No, wait a moment. There we have it. He says the writing is on the wall for me and for my Prime Minister, who is to me the symbol of the Whites here in South Africa. That is what he said. One can interpret it in no other way. According to him the writing is on the wall for the Whites here in South Africa. Now, I wonder whom the Leader of the Opposition was addressing there. Was he addressing that small audience at Middelburg, who were probably for the most part members of the HNP, for these days they are the allies of the United Party on the platteland, or was he addressing hostile Black African states or the outside world to tell them that the writing is on the wall for the Whites here in South Africa. Did he want to imply in that way that these Black states are rejecting the hand of peace and friendship offered to them by Advocate John Vorster because he is approaching them out of weakness?
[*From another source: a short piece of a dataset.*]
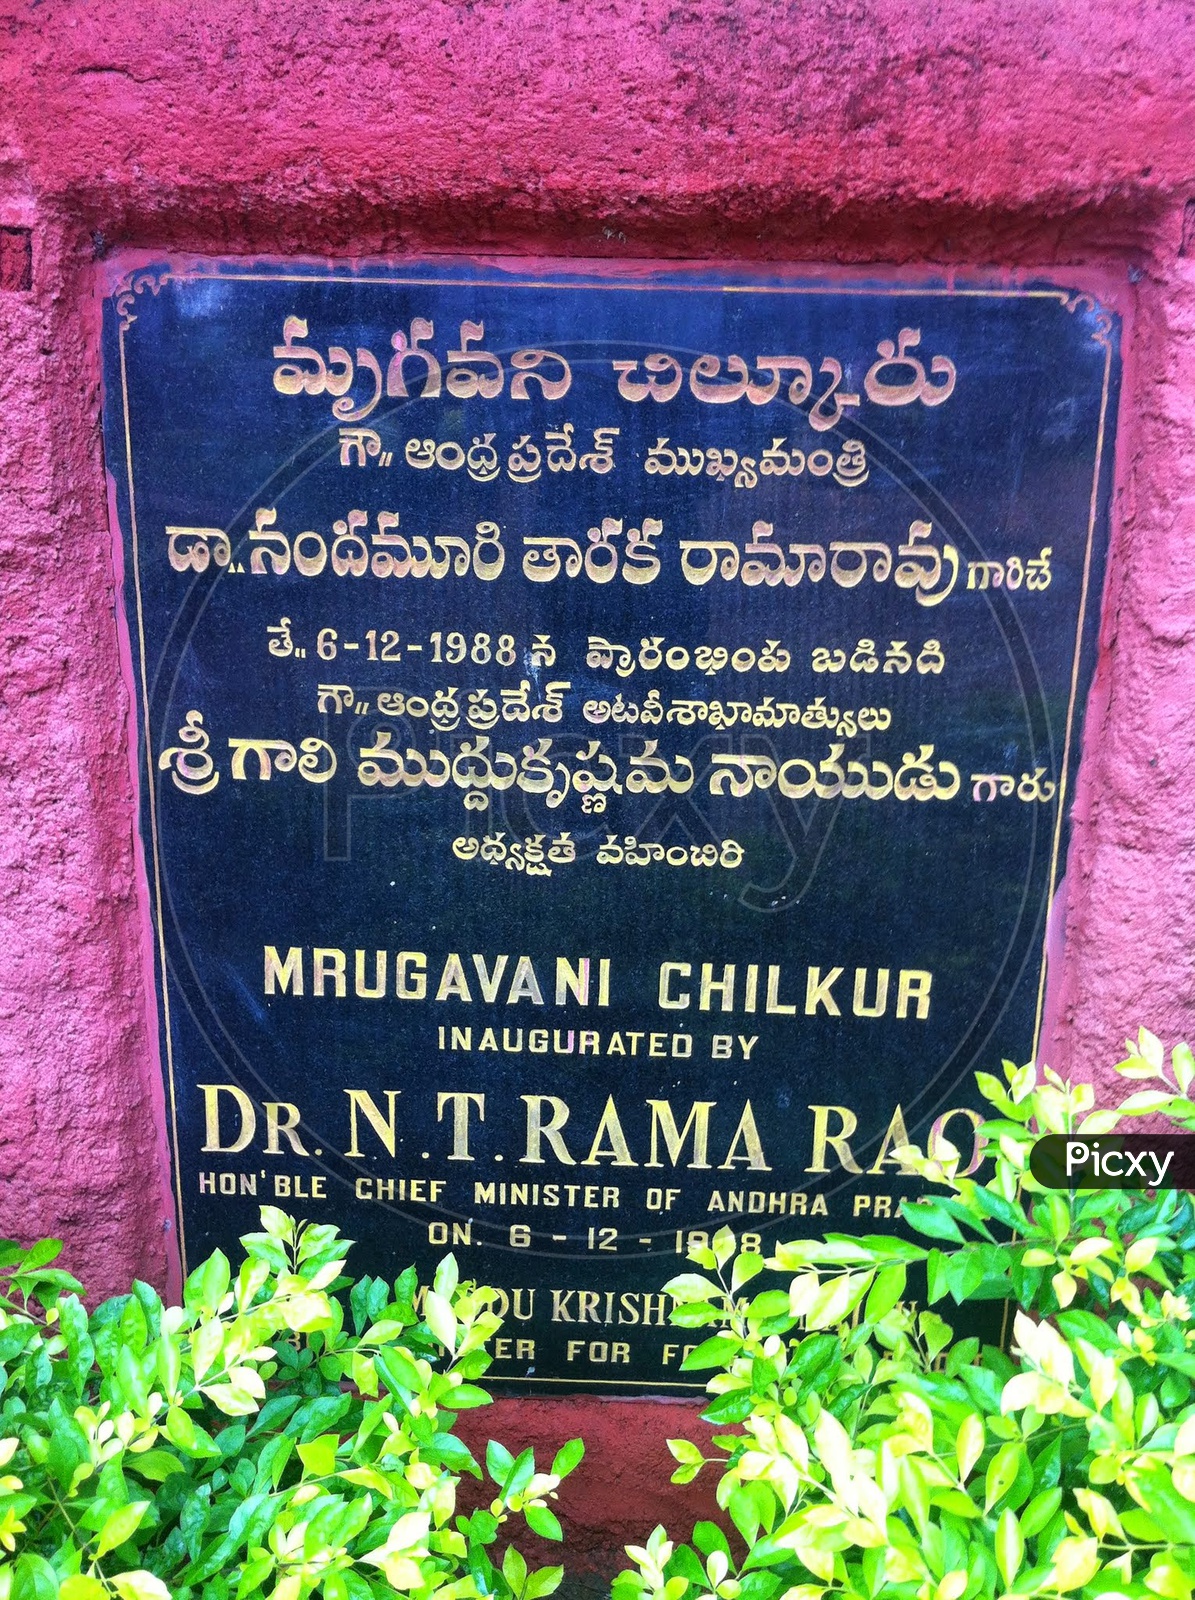 Foundation Stone  At Mrugavani National Park  Opened By Dr. N.T.Rama Rao

What is more, at the same meeting he said (translation)—
I think the greatest disloyalty towards South Africa is implied in those words. I think the hon. the Leader of the Opposition should be ashamed of what he said. Are these words an invitation to the terrorist organizations by saying to them that there is already enough help for them here in South Africa, that they only need to come in, that the Blacks here are ready to begin with a terrorist campaign? I do not believe that it can be held against us if we say to him that not only do we regard his patriotism and his loyalty towards South Africa to be suspect, but we also reject it completely.
Order! The hon. member may not question the loyalty of hon. members.
Mr. Chairman, I shall withdraw those words and substitute “his confidence in South Africa”.
Order! The hon. member must withdraw the words he used, i.e. that he regards the loyalty of the hon. the Leader of the Opposition to be suspect, completely.
Yes, Sir, I withdraw the words “loyalty”, and substitute “his confidence in South Africa”. We can understand the hon. the Leader of the Opposition making use these days of these methods and these words as a result of his own frustrations and the disunity in his own party. It indicates nothing else but the complete destruction of the United Party; that is staring them in the face. We do not expect them to have any love for the National Party, but is it necessary to allow hate to develop against South Africa because they do not like the National Party and would like to see it destroyed? The hon. the Leader of the Opposition is not the only person to whom this applies. This is the whole tendency developing in the United Party. We had the same thing from the hon. member for Hillbrow when he opposed the R849 million which was budgeted for Defence. [Time expired.]
Business interrupted in accordance with Standing Order No. 23.
House Resumed:
Progress reported and leave granted to sit again.